Moreover XFX is a OEM for NVIDIA and ATi/AMD just like ASUS, Gigabyte and MSi sell motherboard for Intel and AMD.

But for Graphics stay away from XFX. Go with MSi, ASUS, SAPPHIRE and Gigabyte.


----------



## heartripple (Sep 2, 2011)

Go with d6bmg's suggestion because it fits in your budget and more importantly Value For Money...


----------



## d6bmg (Sep 2, 2011)

gkiran said:


> why not ... XFX graphics cards ?



because of their crappy re-distributor(importer) in India. 
No nvidia cards, because there are no good models at your budget.


----------



## topgear (Sep 3, 2011)

@ OP - if you want to get an Nvidia card then look for GTS 450 which should be around ~6.5k but HD6770 performs better at the same price point


----------



## gkiran (Sep 3, 2011)

thanks


----------



## monsursound (Sep 4, 2011)

topgear said:


> @ OP - if you want to get an Nvidia card then look for GTS 450 which should be around ~6.5k but HD6770 performs better at the same price point



Xactly....


----------



## sukesh1090 (Sep 4, 2011)

go with d6bmg's suggestion.you can't get any better combo than this at that price.


----------



## gkiran (Sep 11, 2011)

I bought sapphire HD 6770 1GB GPU yesterday. GTA San andreas, which was working fine WITHOUT any grahpics card is not working now. 

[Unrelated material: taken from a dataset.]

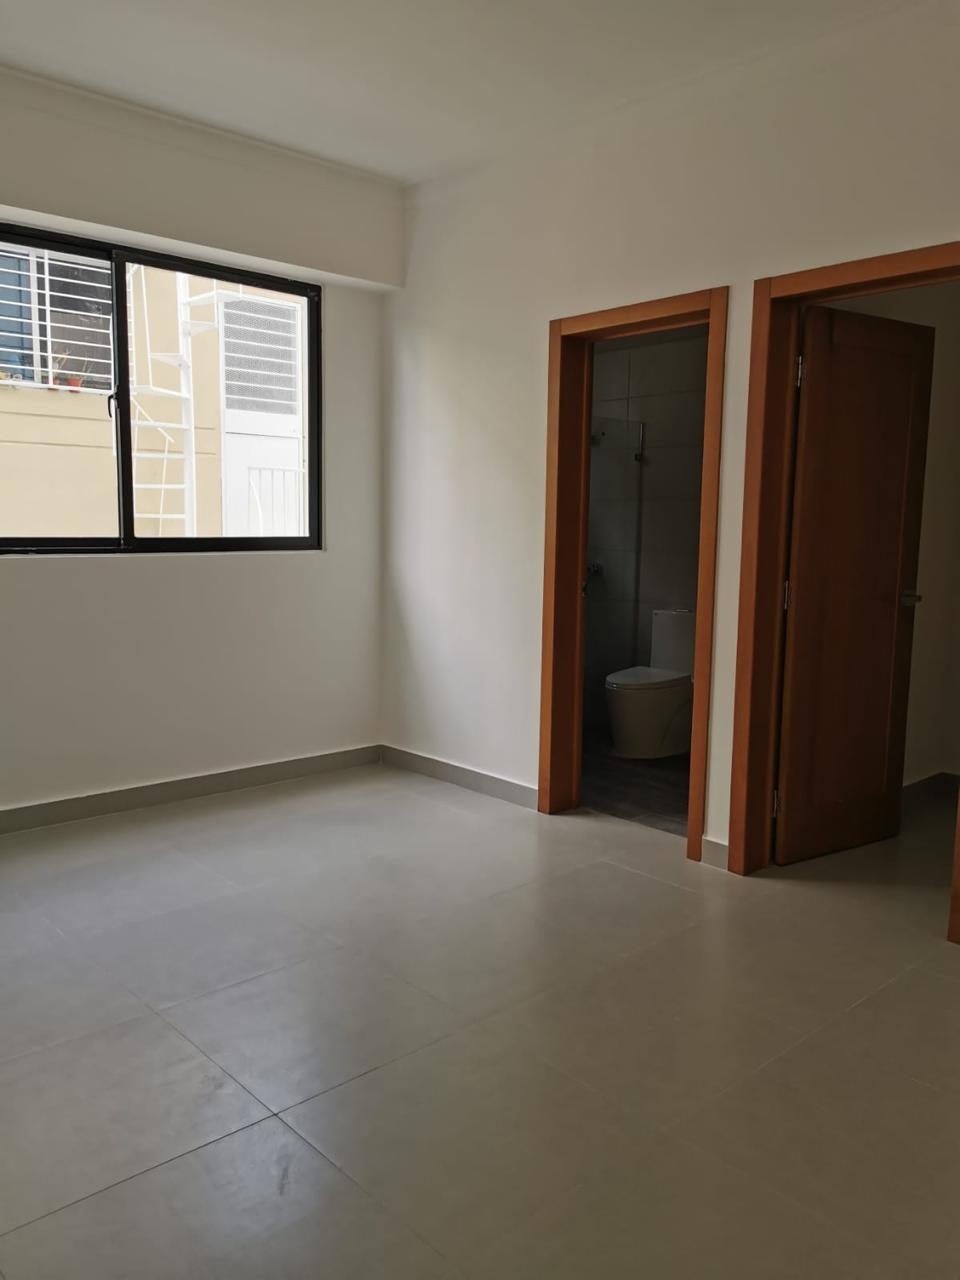 Apartamento en venta Zona Mirador Norte. Foto 7222409-7.jpg
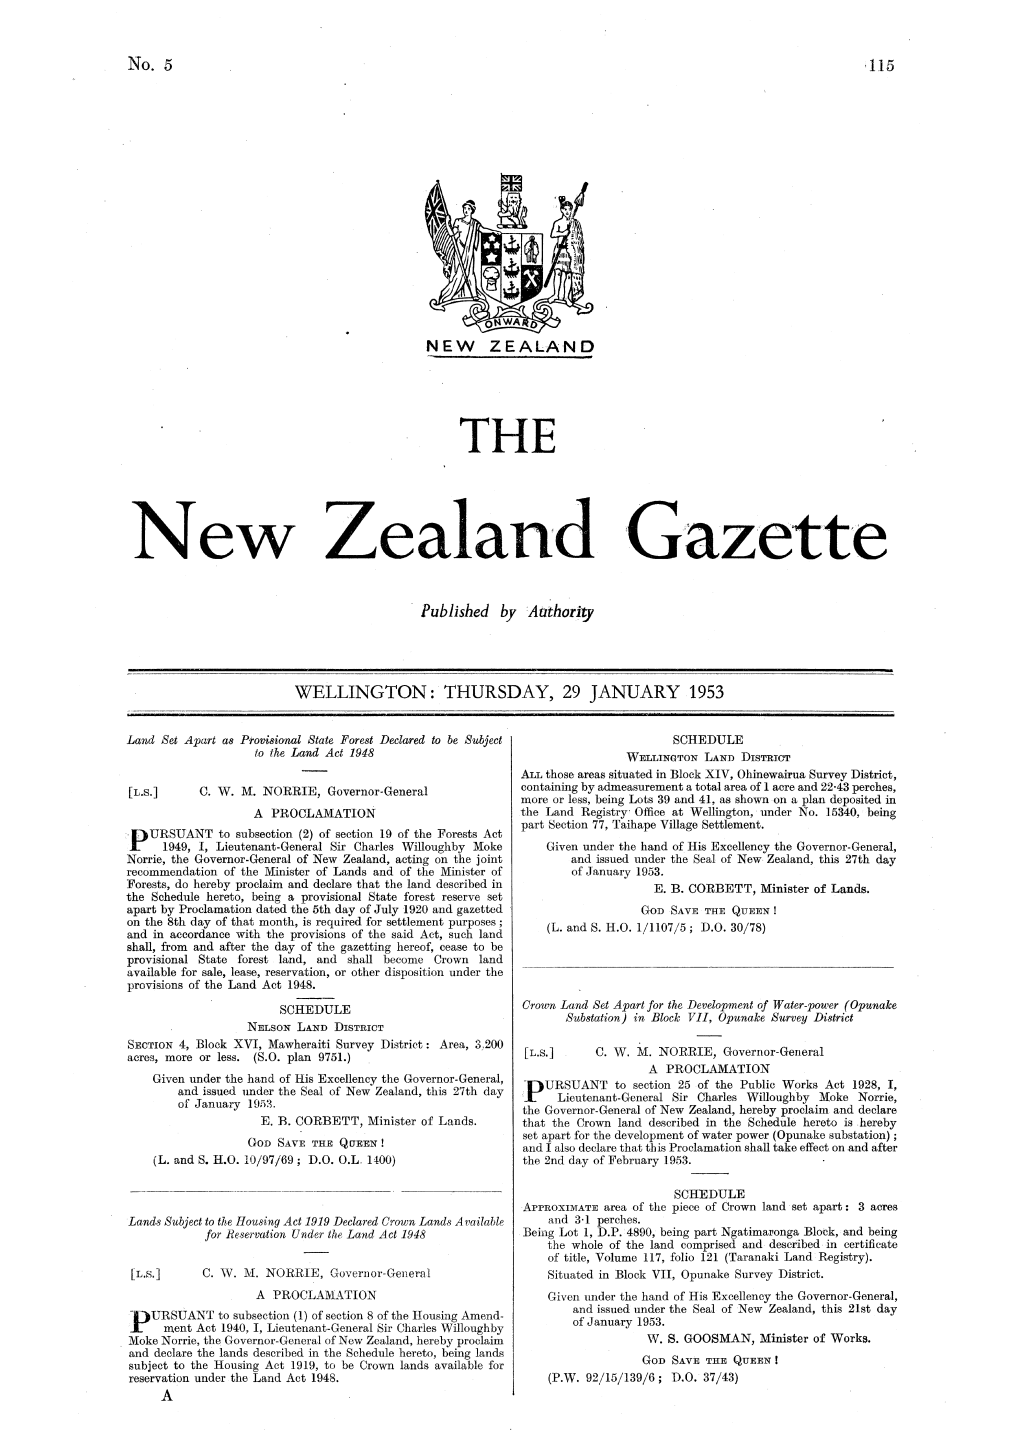 No 5, 29 January 1953

city car driving sim is working now.

what could have happened ?


----------



## topgear (Sep 11, 2011)

^^ congrats - what error message you are getting ? 

just reinstall the game, update the directx and it should work fine


----------



## d6bmg (Sep 11, 2011)

gkiran said:


> I bought sapphire HD 6770 1GB GPU yesterday. GTA San andreas, which was working fine WITHOUT any grahpics card is not working now.
> 
> city car driving sim is working now.
> 
> what could have happened ?



Reasons could be:
1. You haven't installed the latest drivers.
2. You have connected your DVI/VGA cable to motherboards port rather than connecting that in graphics cards, vdi/vga port.
3. Graphics card might not have been installed properly.


----------



## Piyush (Sep 11, 2011)

direct x library should be installed (appx 500mbs on Microsoft site)


----------



## Jaskanwar Singh (Sep 11, 2011)

d6bmg said:


> Reasons could be:
> 1. You haven't installed the latest drivers.
> 2*. You have connected your DVI/VGA cable to motherboards port rather than connecting that in graphics cards, vdi/vga port.
> 3. Graphics card might not have been installed properly*.



i dont think the system would have showed even display in case 2 & 3!


----------



## topgear (Sep 12, 2011)

Piyush said:


> direct x library should be installed (appx 500mbs on Microsoft site)



The Latest DirectX runtime Package is around 100MB


----------



## gkiran (Sep 17, 2011)

thanks, GTA is working now 

but an old game, Recoil, is not working . I think I need to re-install that


----------



## Piyush (Sep 17, 2011)

topgear said:


> The Latest DirectX runtime Package is around 100MB



oh...
i dont know which package did I installed
it was appx 480 mbs a year back 



gkiran said:


> thanks, GTA is working now
> 
> but an old game, Recoil, is not working . I think I need to re-install that



just play GTA for now
meanwhile someone will find a fix for your "recoil" problem


----------



## dashing.sujay (Sep 17, 2011)

Piyush said:


> oh...
> i dont know which package did I installed
> it was appx 480 mbs a year back



Its *DirectX SDK*.


----------